Por Paulina Benavente, Oficina de Atención a Víctimas de Abuso
Esta semana hemos sido impactados emocionalmente por las declaraciones de Marcela Aranda, quien denuncia haber sufrido abusos de conciencia, sexuales y de poder por parte del sacerdote jesuita, ya fallecido, Renato Poblete.
Escuchar el relato es enfrentarnos a una realidad muchas veces perversa en la cual personas aparentemente dotadas de múltiples bondades esconden tras de sí una serie de conductas aberrantes que demuestran un total desprecio por los seres humanos. Cada persona que ha vivido estos horrores ha tenido que “reinventarse” muchas veces a sí mismo, pues es tal el impacto sobre la percepción de sí, sobre su autoestima, su dignidad, que pudiéramos decir sin temor a exagerar que les ha sido arrebatada la mayor parte de las veces la vida misma, la alegría y en definitiva el sentido de la existencia.

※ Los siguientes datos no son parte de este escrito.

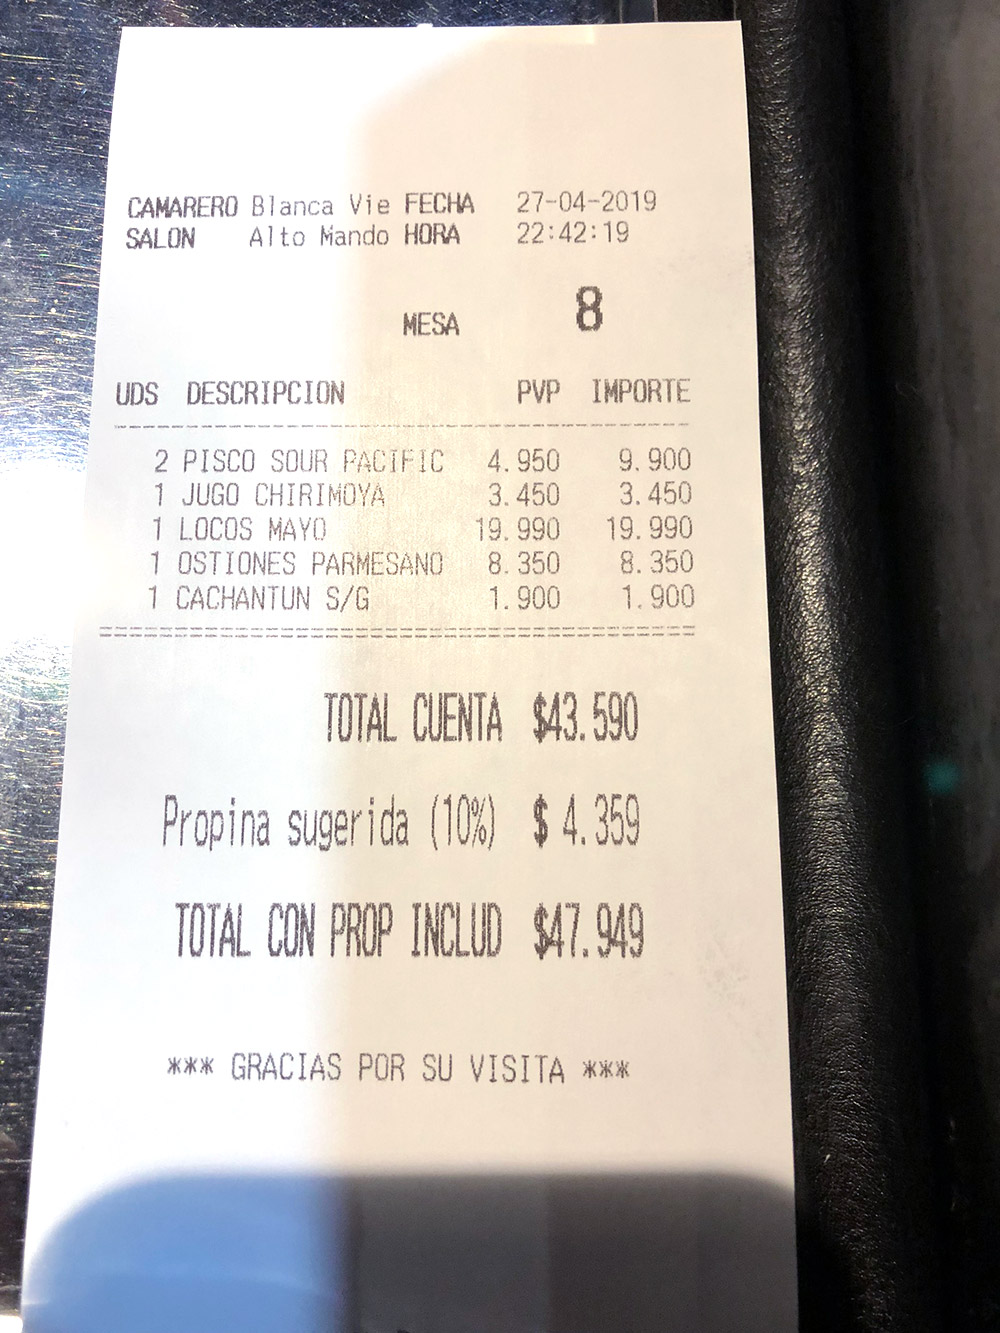 Чек из ресторана: два коктейля «Писко сауэр», сок из черимойи, локос-кон-майо (моллюски под майонезом), устрицы под сыром, бутылка воды — 47 949 песо (3781 ₽) с чаевыми

Nadie puede ante tan grande ignominia quedar indiferente sobretodo si se declara cristiano. Esta realidad que atraviesa a nuestra sociedad es lamentablemente demasiado frecuente y en muchas ocasiones normalizada pensando sencillamente que el mal es parte del mundo. No podemos acostumbrarnos al abuso o al maltrato, o sencillamente bajarle el perfil porque nos resulta una realidad incómoda, difícil de asimilar.

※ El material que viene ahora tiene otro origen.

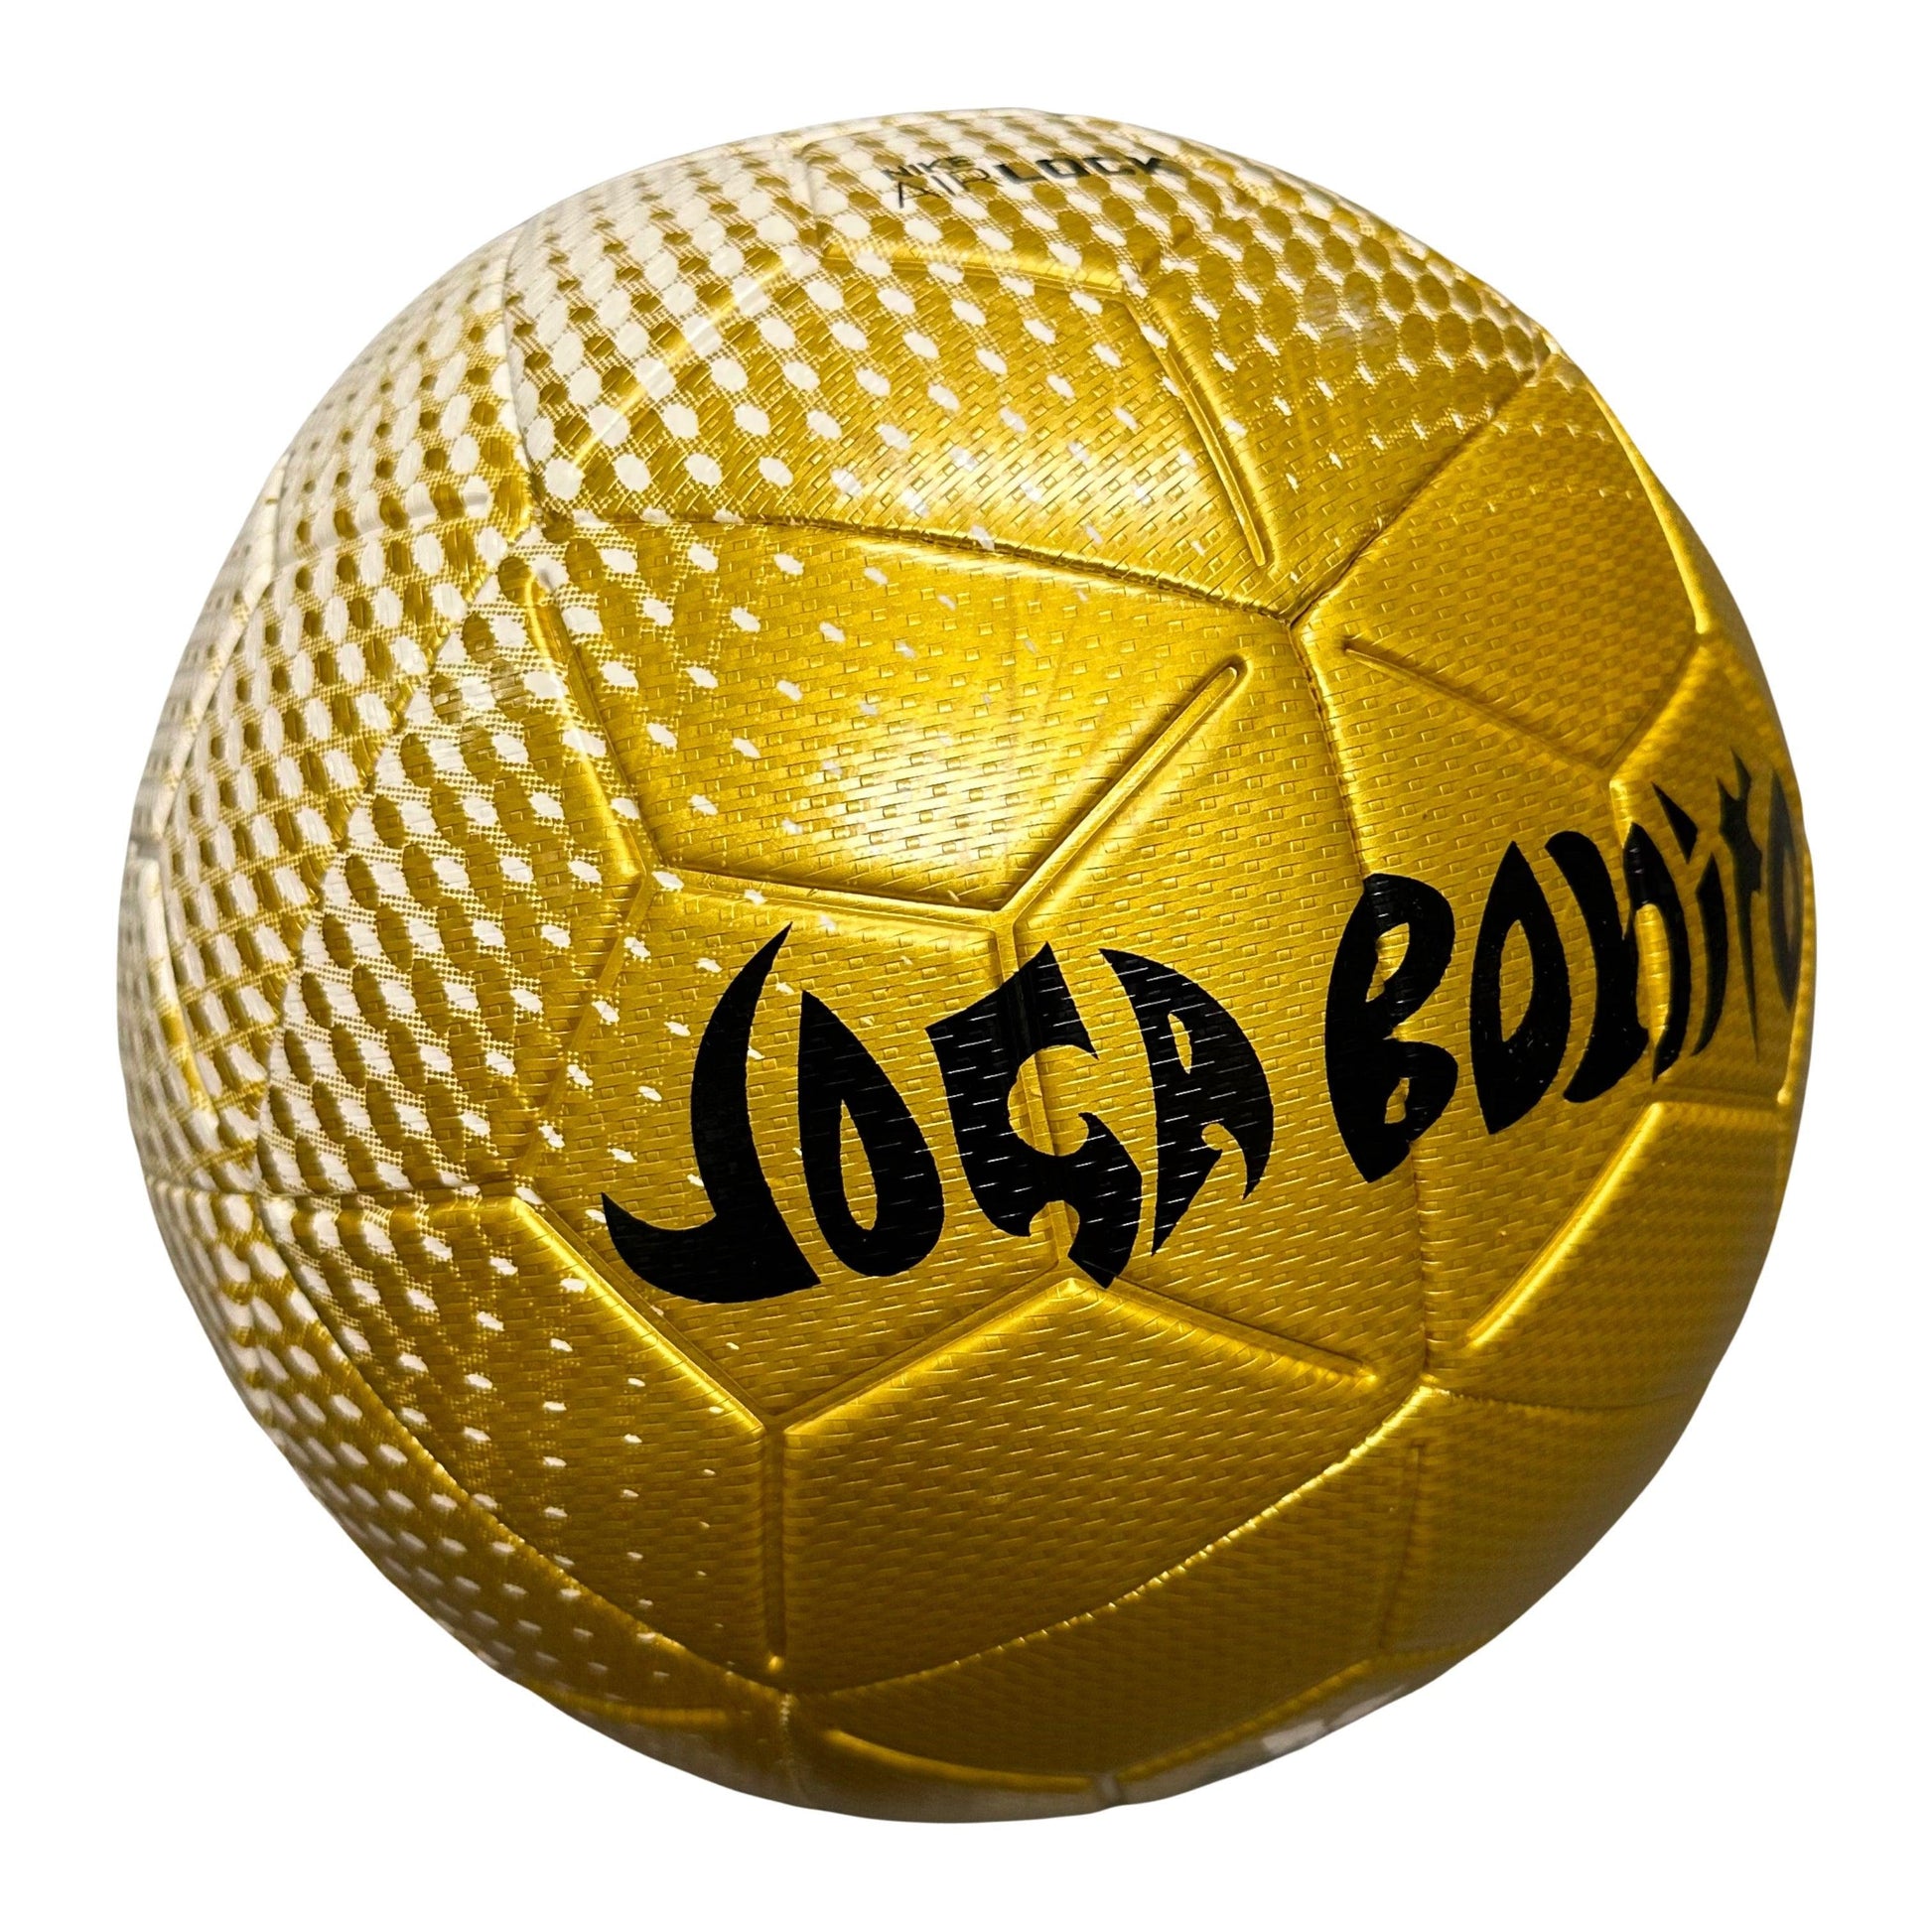 Nike Air lock Joga Bonito Ball ( 5 ) - Known Source

Esta develación de parte de su historia tan dolorosa que hace Marcela, impacta también directamente la vida de quienes han sufrido de manera directa los abusos.
Nuevamente se agrandan los fantasmas y ese dolor que aloja en lo más íntimo del corazón sale a la superficie. A ustedes que sufren y que en silencio viven todo esto, sólo les puedo decir que a pesar de tanto horror es posible volver a sonreír y a sentirse libre. Que pedir ayuda y atreverse a enfrentar estos miedos es necesario para reconciliarse con ustedes mismos. En el abuso el único que nunca tuvo la culpa es el abusado, y es él quien merece estar al centro de nuestra fe porque él es el Cristo que sufre y ante el cual una y otra vez tendremos que pedir perdón de rodillas por dejarlos tan solos, por no haber sido capaces de cuidarlos, por no haberlos escuchado, por no haberlos visto sino que ignorados, por haber defendido las apariencias, por haber sido cómplices del silencio, por no haberle tendido la mano al Cristo que tanto decimos amar.